Dr. Eyebrows thought, or pretended to think, deeply. His pen hovered over the paper that could consign me to a long convalescence in a rubber room.
“Eccentric. Oh. Yes, you’re right. Yes, yes, you’re right, ‘eccentric.’ I’ve actually witnessed this phenomenon. Saw the man who tended my father’s garden talk to shrubs as if they were alive.”
Papers aside pen pocketed.
Assigned a “regular” room, prescribed this drug that drug and this and that other drug, all intravenous. Antibiotics for the pneumonia. He’d see me in “a day or so,” after more results came in.
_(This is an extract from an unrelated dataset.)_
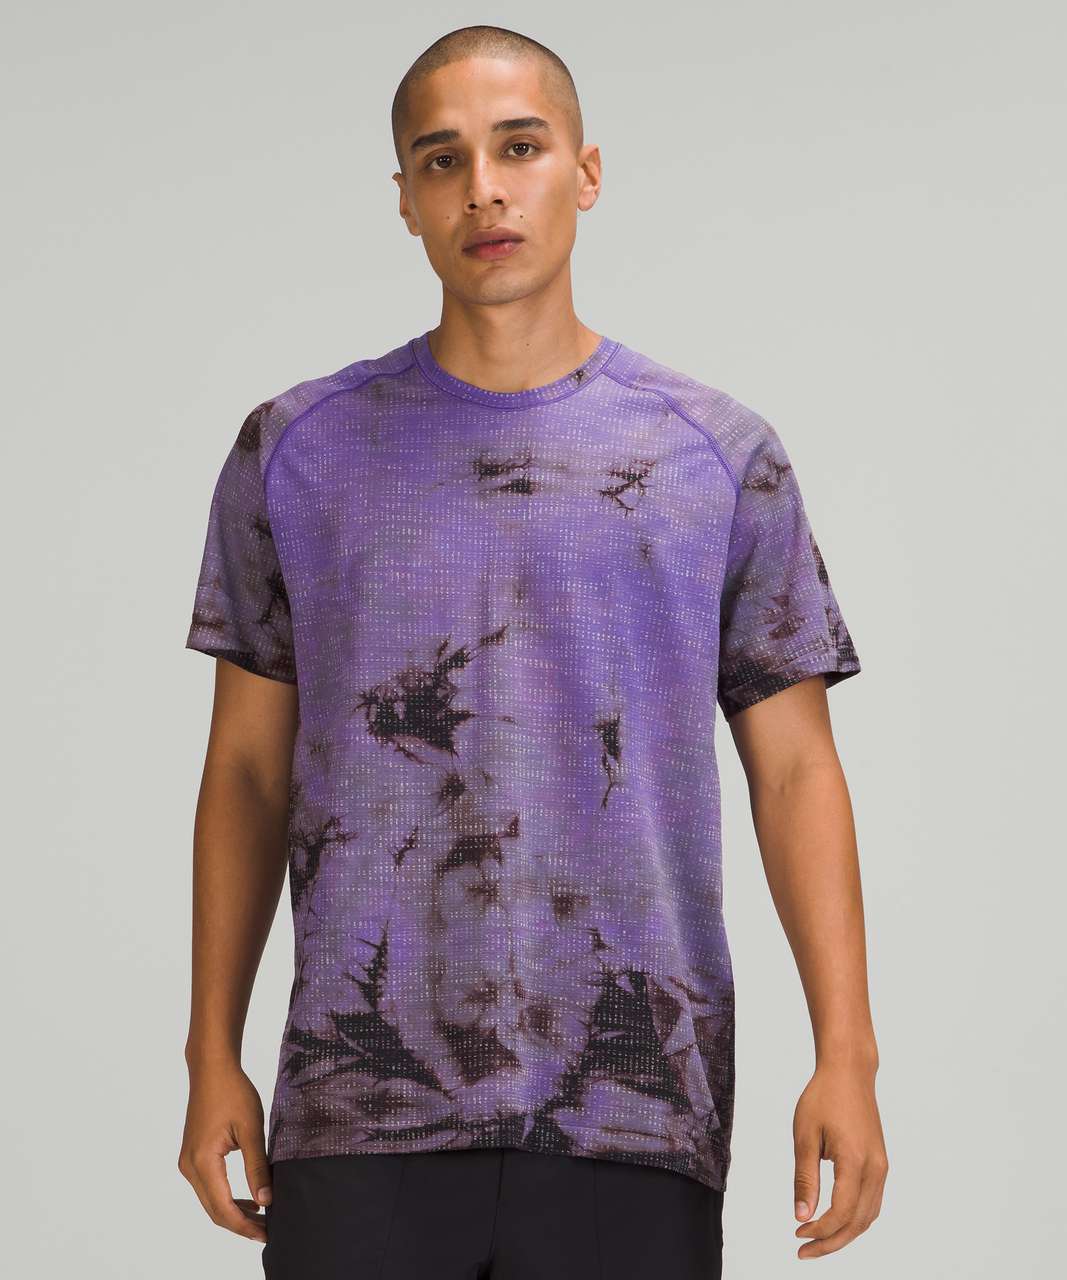 Lululemon Metal Vent Tech Short Sleeve Shirt 2.0 - Disconnect Marble Dye Petrol Purple / Black Granite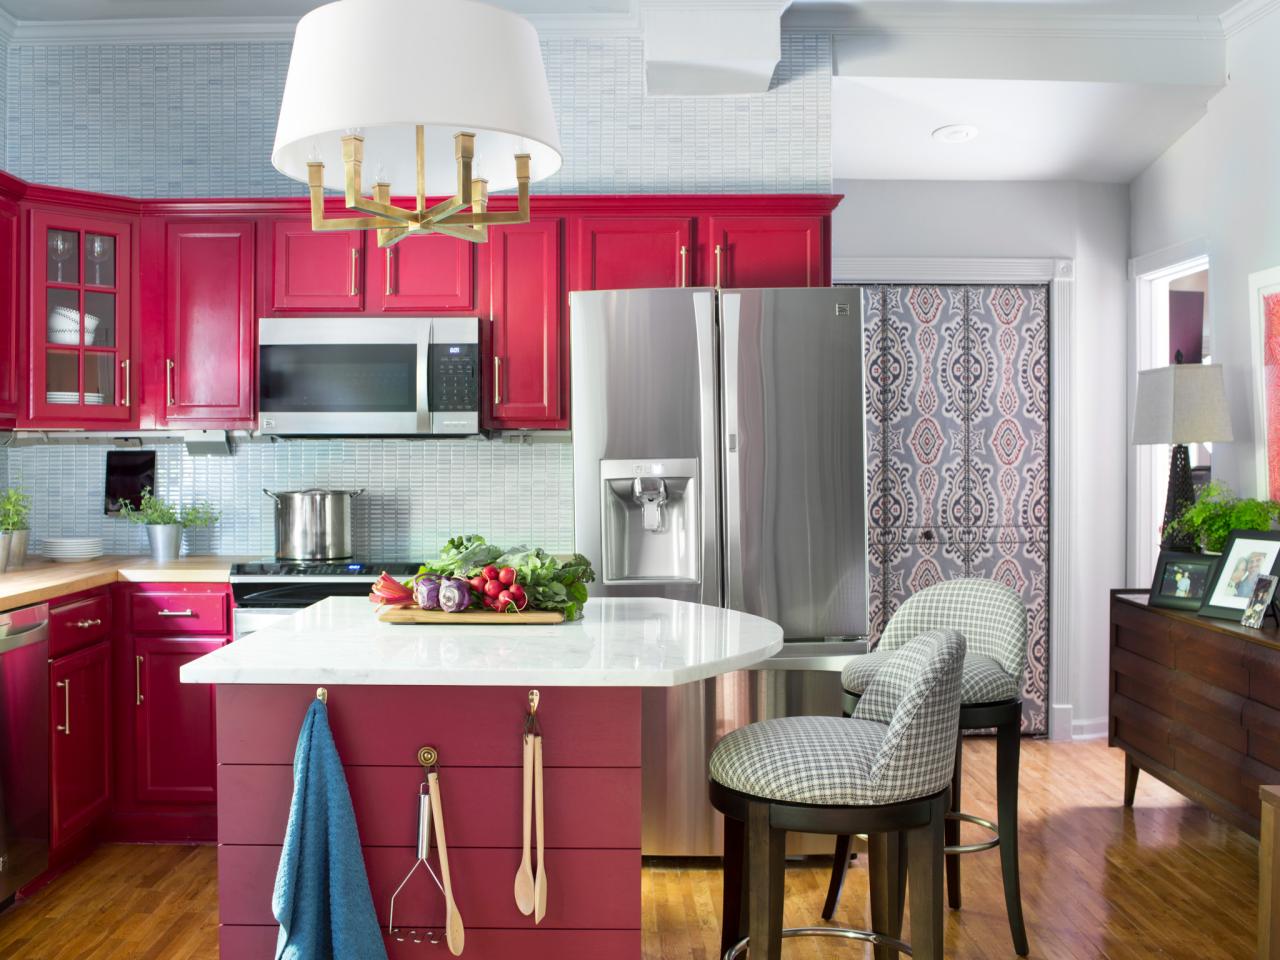 9 kitchen color ideas that aren't white | hgtv's

“Do you have any relatives I could talk to about this? Someone who’s familiar with your Condition?” he asked.
“I don’t know. Maybe. My father.”
Gave Father’s number. Creed left: rush of eye-brows, flap of coat, forehead thrum.
“That was a seriously close call,,” said Mimi, “He was ready to sign you away to psych. The burden of proof of sanity would have been entirely your responsibility.”
“I’m not feeling well. I would have explained that I’m not feeling well; hence, not at my best.”
“See what I mean? That’s the kind of talk that would have kept you there for life. Only a crazy person would try to argue that he’s sane. Your keepers would have become quite offended indeed were you to challenge the integrity and authority of their professional diagnoses by claiming they were incorrect.”
“So once they say I’m crazy, I’m crazy? Or I really piss them off and make them crazy, in which case I’d be really crazy.”
“Pretty much. Unless you can prove otherwise without offending them. But you’re in the clear, and I can tell already we’ve brought the fever down. Why dwell on the ‘what if?’”
BEING and The Bakery Girl checked in briefly.
“We’re gonna get going,” BEING said. “They said they’re getting you a room.”
“We’ll be back tomorrow,” The Bakery Girl kissed me. “Get some rest.”
“What time is it?” I asked.
“It’s almost three in the morning,” BEING said.
Sad alone (boo-hoo). Good to have friends. Real good friends. Mimi left and returned with two burly hospital workers.
“We have a room for you,” said Mimi. “These gentlemen are going to take you there now. Take care of yourself, Ray.”
Wheeled down labyrinth of corridors hallways, another elevator more hallways. Stop. Room. Three moaning, miserable men. And Me.
“Hi, I’m Stephanie, your nurse,” said my pert young nurse as the burly aides set me up.
Catheter tunneled through a vein in my right arm hooked to the squat machine hung bags of blood and other fluid; Digital meters; flashing lights. Stephanie closed the curtains, obstructing my moribund neighbors from sight — or was it the other way around? — without my having to ask. I was unfamiliar with protocol. Was I supposed to leave a tip?
Awake. Shivering. Fever down. Clear-minded Exodus. Should have stayed in Egypt, enjoyed chewy goodness and frosty robust less-filling virtuous dee-lites sold on gold TV (Egypt television enjoyed remarkably clear colorful reception maybe by-product of solar power?).